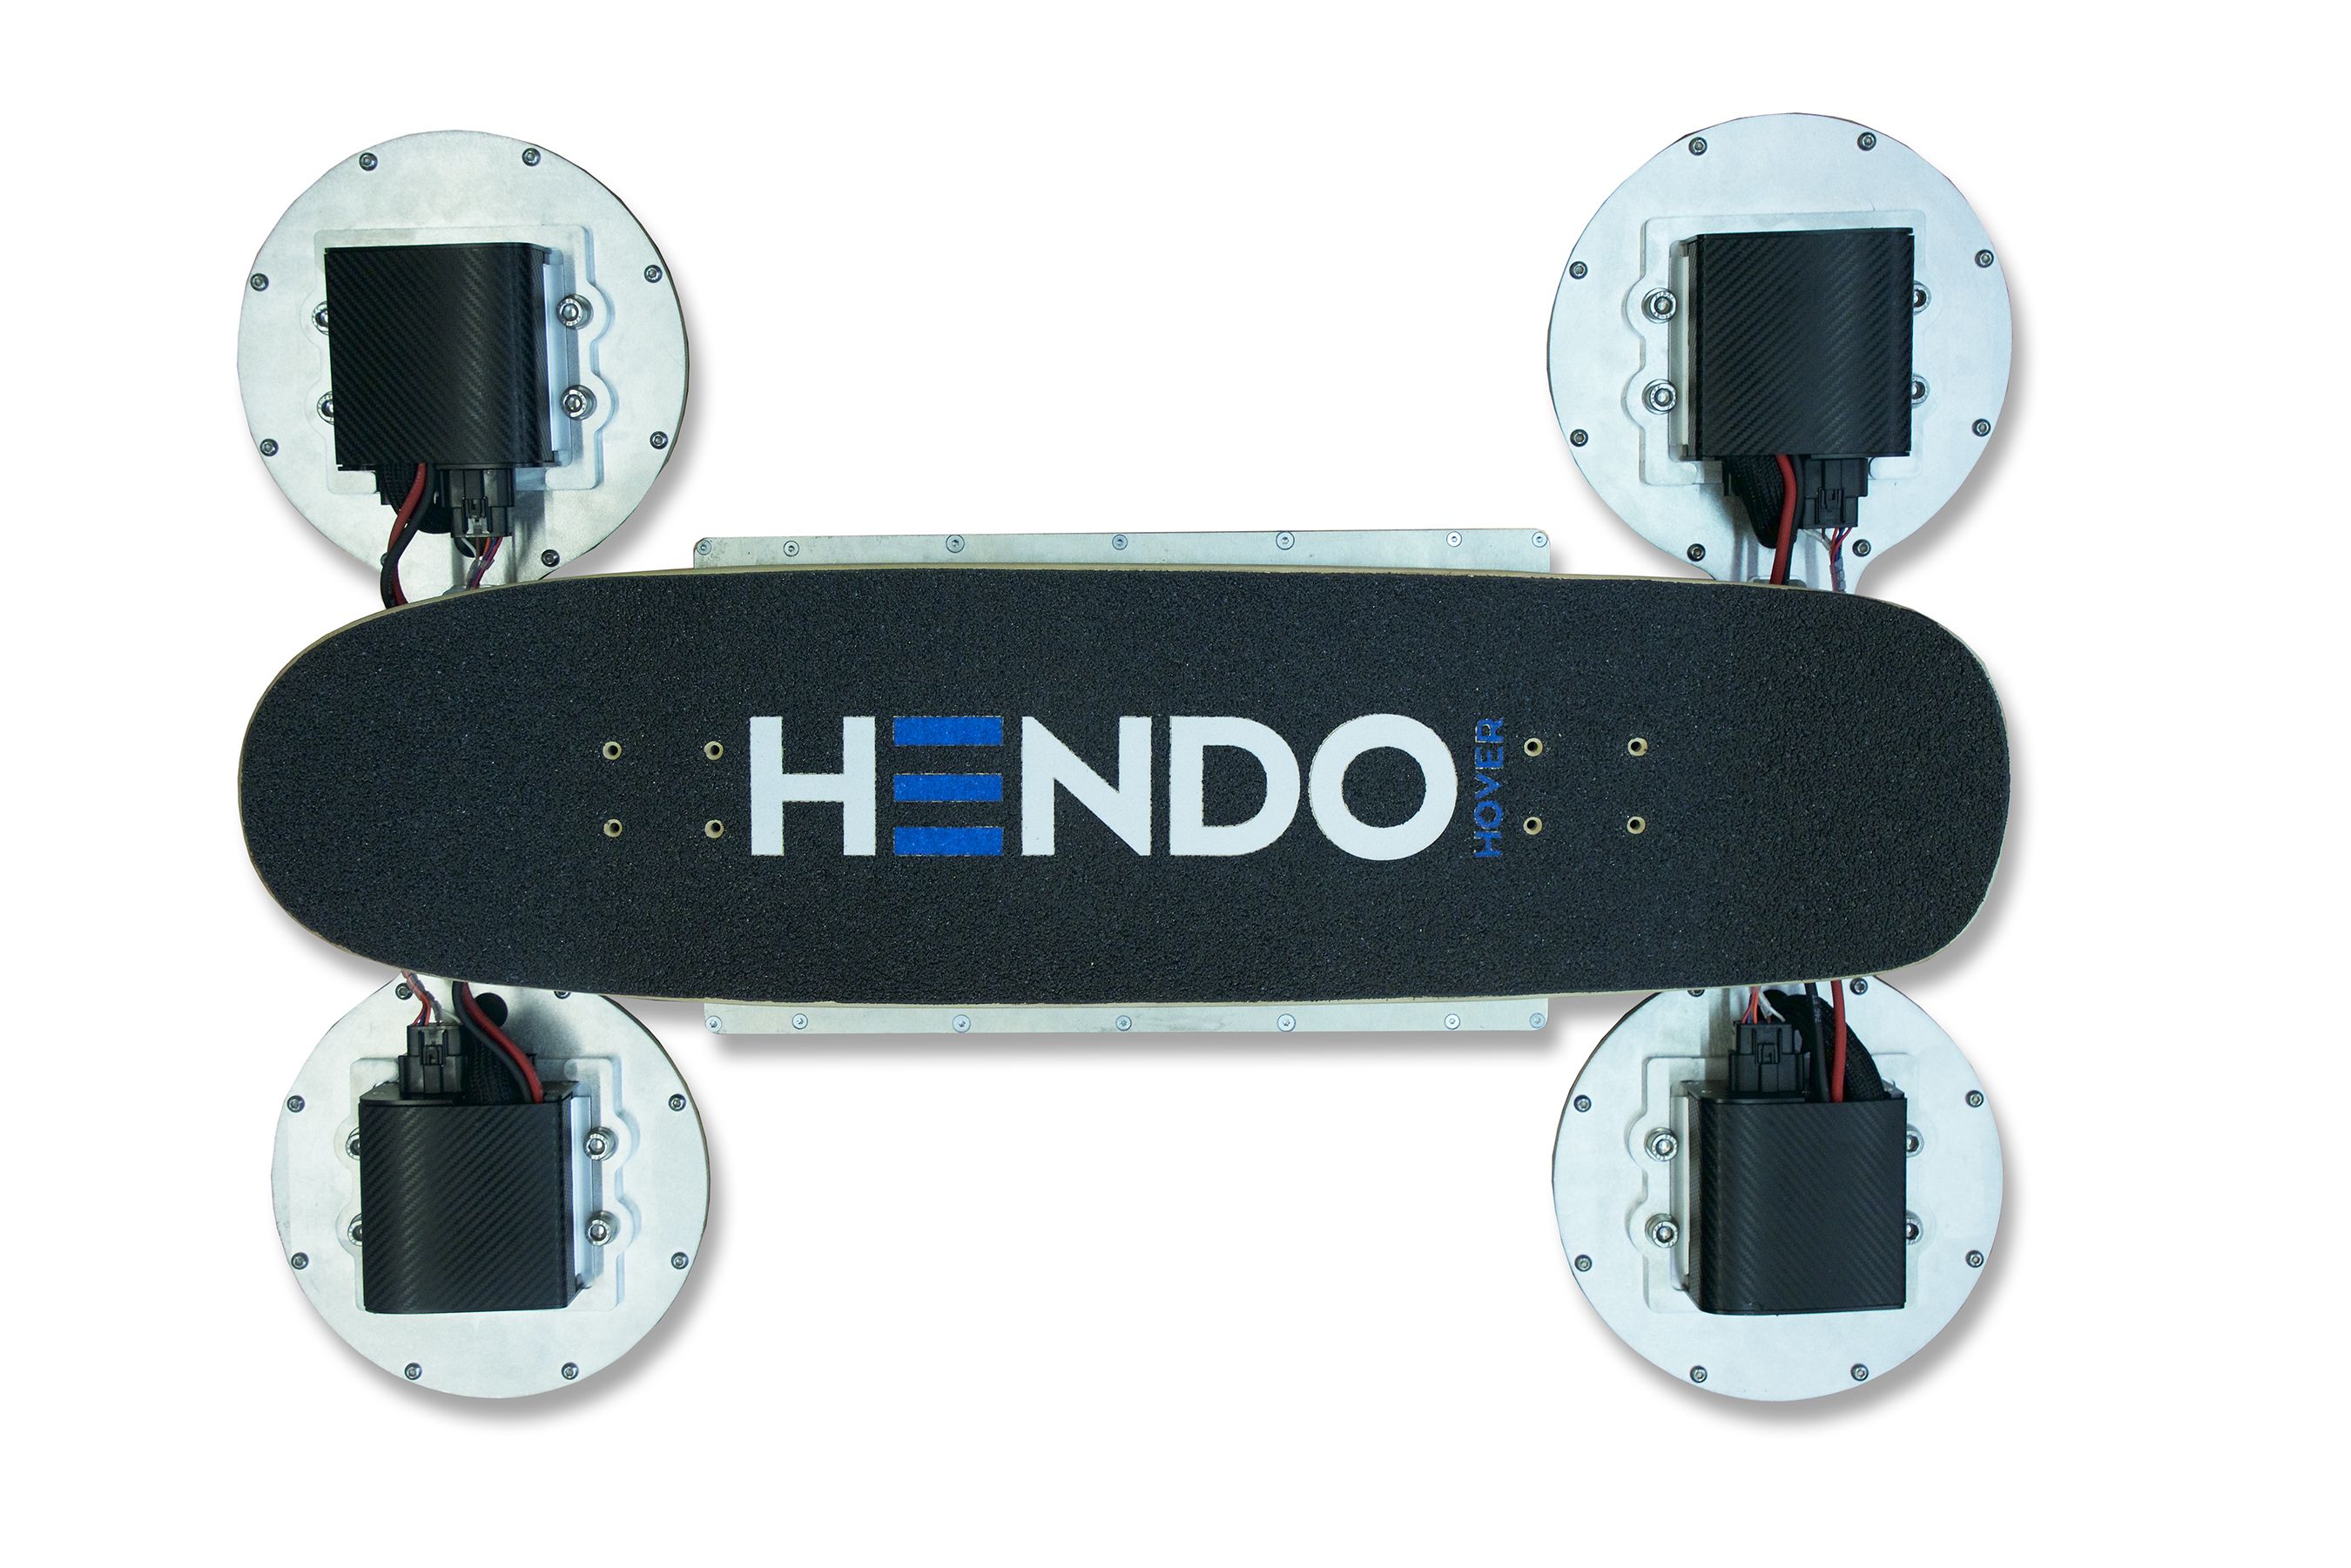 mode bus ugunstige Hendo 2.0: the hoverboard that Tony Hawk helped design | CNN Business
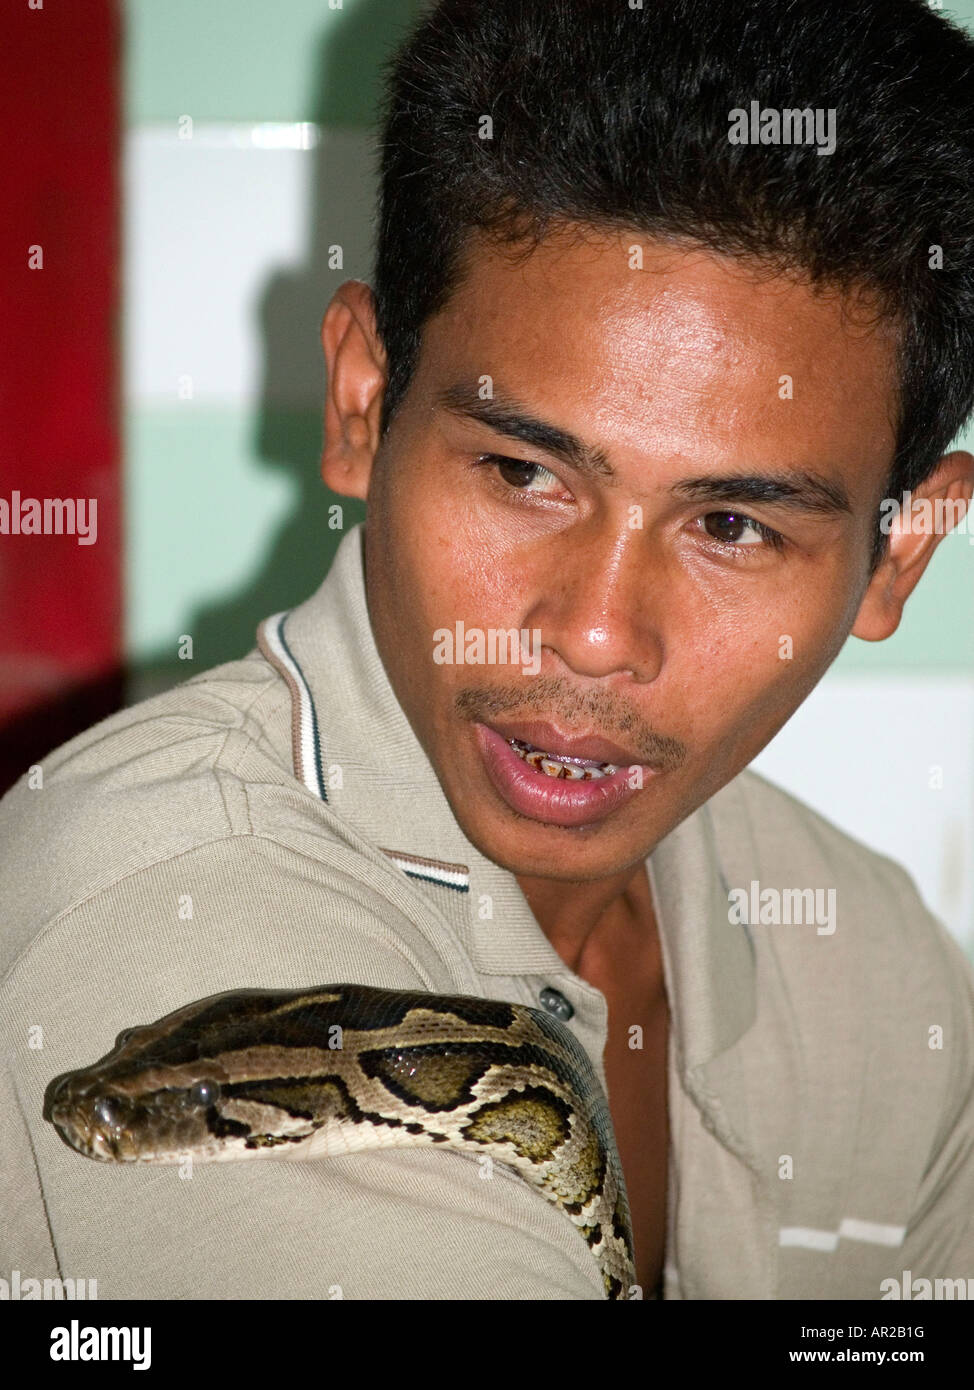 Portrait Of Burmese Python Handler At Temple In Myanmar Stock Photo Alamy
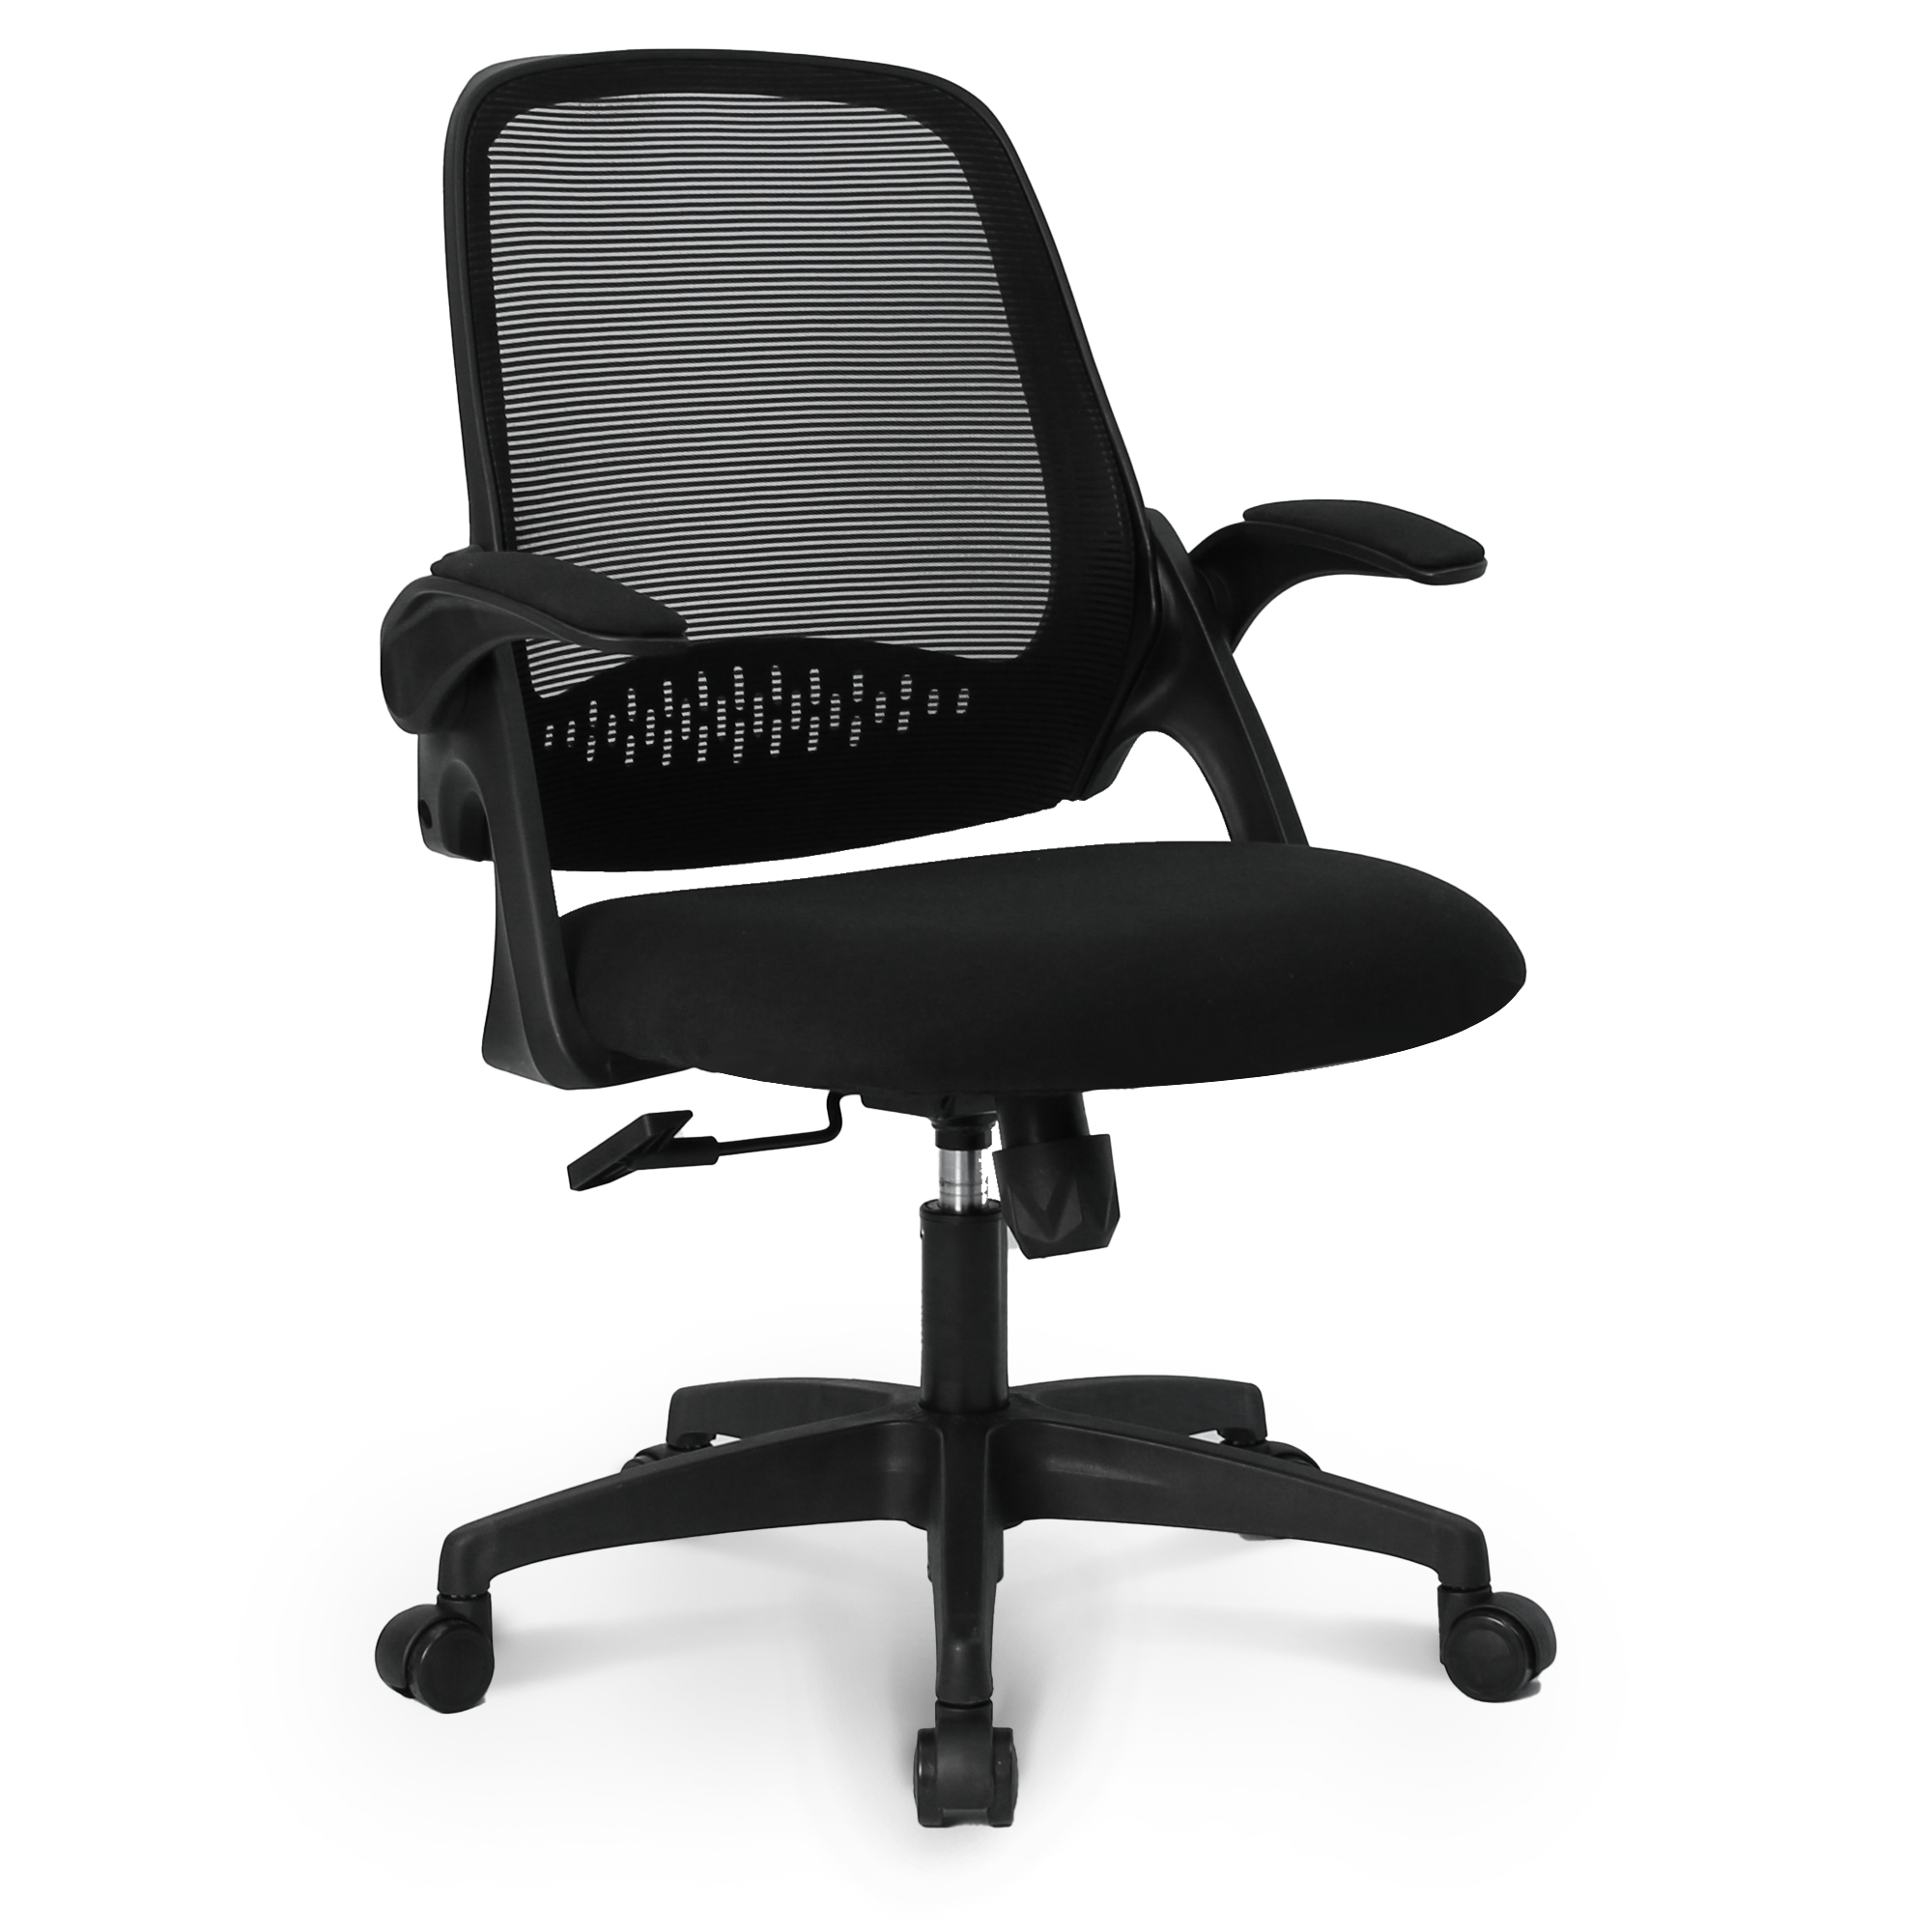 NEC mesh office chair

#### [THE PROBLEM]
Each line of the data should be quoted exactly, with pictures left out.

#### [PROBLEM SOLUTION]
 mode bus ugunstige Hendo 2.0: the hoverboard that Tony Hawk helped design | CNN Business
 Portrait Of Burmese Python Handler At Temple In Myanmar Stock Photo Alamy
 NEC mesh office chair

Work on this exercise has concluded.